This is the reason for the sometimes seemingly arbitrary restrictions publishers place on image formats or resolutions, reference formats or page layouts. It is not that differences cannot be accomodated, it is that to do so involves intervention in a pipeline that was never designed, but has evolved over time. Changing some aspect is less a case of replacing one part with a more efficient newer version, and more a case of asking for a chicken to be provided with the wings of a bat.

Would it not be better to re-design the system? To make it a both properly designed and modular. Of course the answer is yes, but its not trivial, particularly at scale.

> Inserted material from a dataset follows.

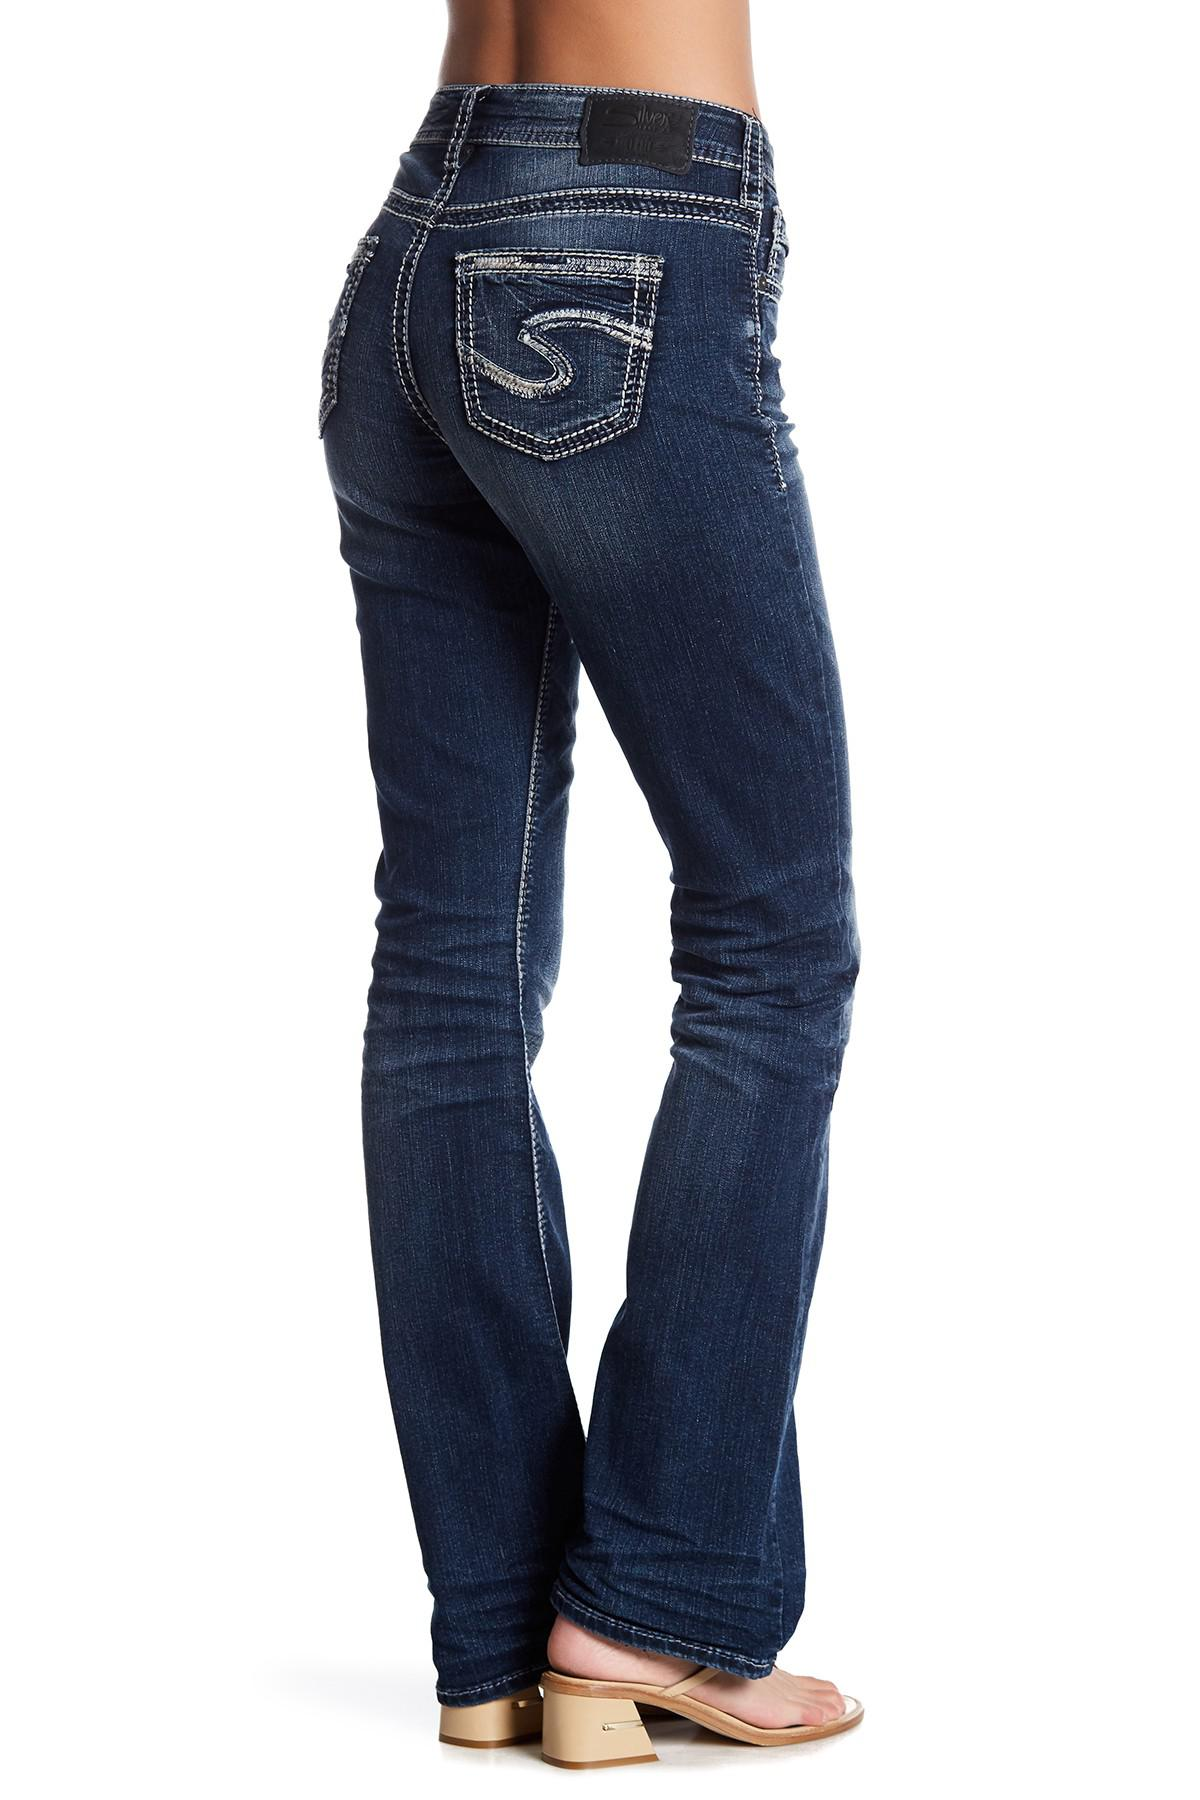 Lyst - Silver Jeans Co. Suki High Rise Bootcut Jean - 33

Bear in mind that for a large publisher stopping the pipeline may mean they would never catch up again. More than this, such an architectural redesign requires not just changes at the end of the process but at the beginning. As we will see later in the series, new players and smaller players can have substantial advantages here, if they have the resources to design and build systems from scratch.

It’s not so bad. Things are improving, pipelines are becoming more automated and less and less of the processing of manuscripts to published articles is manual. But this isn’t yet accruing large savings because the long tail of messy problems was always where the main costs were. Much of this could be avoided if authors were happy with less finish on the final product, but where publishers have publicly tried this, for instance by reducing copy editing, not providing author proofs, or simply not investing in web properties there is usually a backlash. There’s a conversation to be had here about what is really needed and really wanted, and how much could be saved.

Managing Peer Review

The part of the process where many people agree there is value is in the management of peer review. In many cases the majority of labour contributed here is donated by researchers, particularly where the editors are volunteer academics, however there is a cost to managing the process, even if, as is the case for some services that is just managing a web property.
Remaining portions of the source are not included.